BoE minutes: MPC unanimous over fresh round of QE

| October 19, 2011

Minutes of the Bank of England’s October 5-6 meeting have been released today and have revealed all nine members of the Monetary Policy Committee (MPC) voted to keep interest rates at the historic low of 0.5%.

This was the third consecutive month that the Committee voted unanimously to keep rates at the record low, despite inflation running at more than double the 2% target.

Figures released yesterday by the Office for National Statistics (ONS) revealed inflation surged to 5.2% in September from August’s rate of 4.5%.

In a speech last night, the Governor of the Bank of England, Mervyn King, said inflation would fall sharply in 2012 when the recent hikes in the price of oil start to recede.

In the meantime, the minutes showed that all nine members of the MPC voted unanimously for a fresh round of quantitative easing (QE) – a scheme designed to stimulate the economy.

The minutes revealed that the Committee considered injecting between £50 billion and £100 billion into the economy.

The minutes said: “For some members, the substantial downside risks pointed to injecting a larger monetary stimulus than otherwise in order to place the UK economy in a stronger position were those risks to materialise.

“Depending on developments in the euro area and financial markets, the size of the stimulus could be adjusted in either direction.”

There have been fears that the UK could enter a double-dip recession after a recent series of bad news from the economy and the ongoing debt crisis in the euro zone and the majority of economists expected the central bank to embark on a further round of QE.

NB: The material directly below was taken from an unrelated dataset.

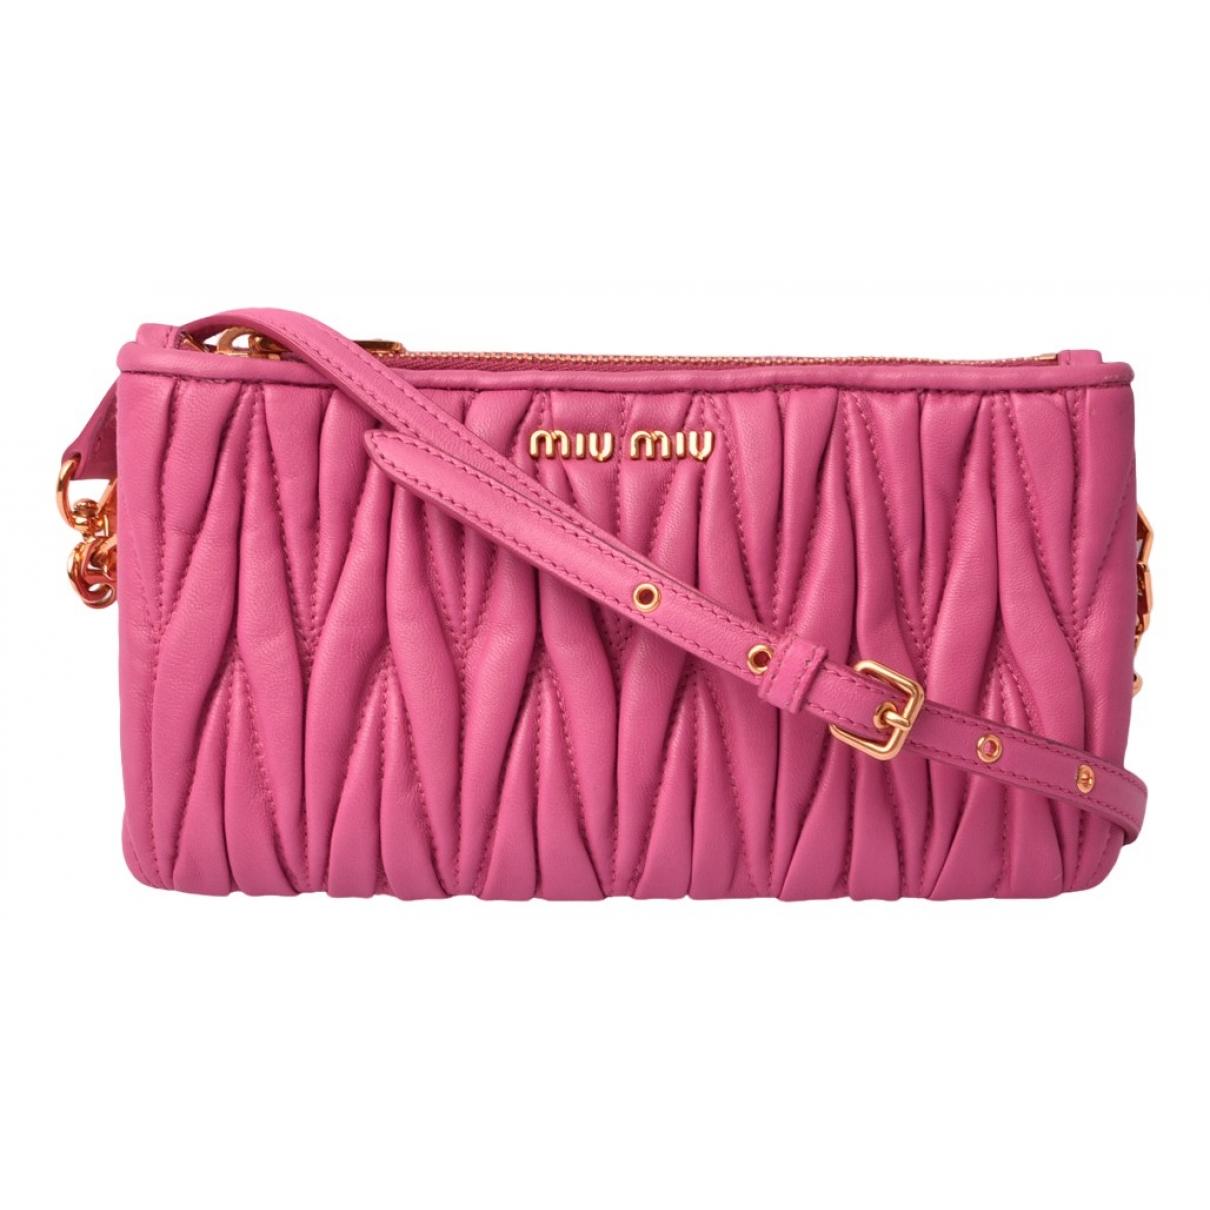 Miu Miu - Pochette Matelasse pour femme en cuir - rose

However, while the Bank hopes the QE scheme will revive the sluggish economy, leading think tank, the Ernst & Young Item Club, warned earlier this week that the QE measures are unlikely to boost the recovery.

Its comments came just a week after the British Chambers of Commerce (BCC) said the fresh round of QE may not be enough to prevent the economy from slipping back into recession and “more radical measures” are required.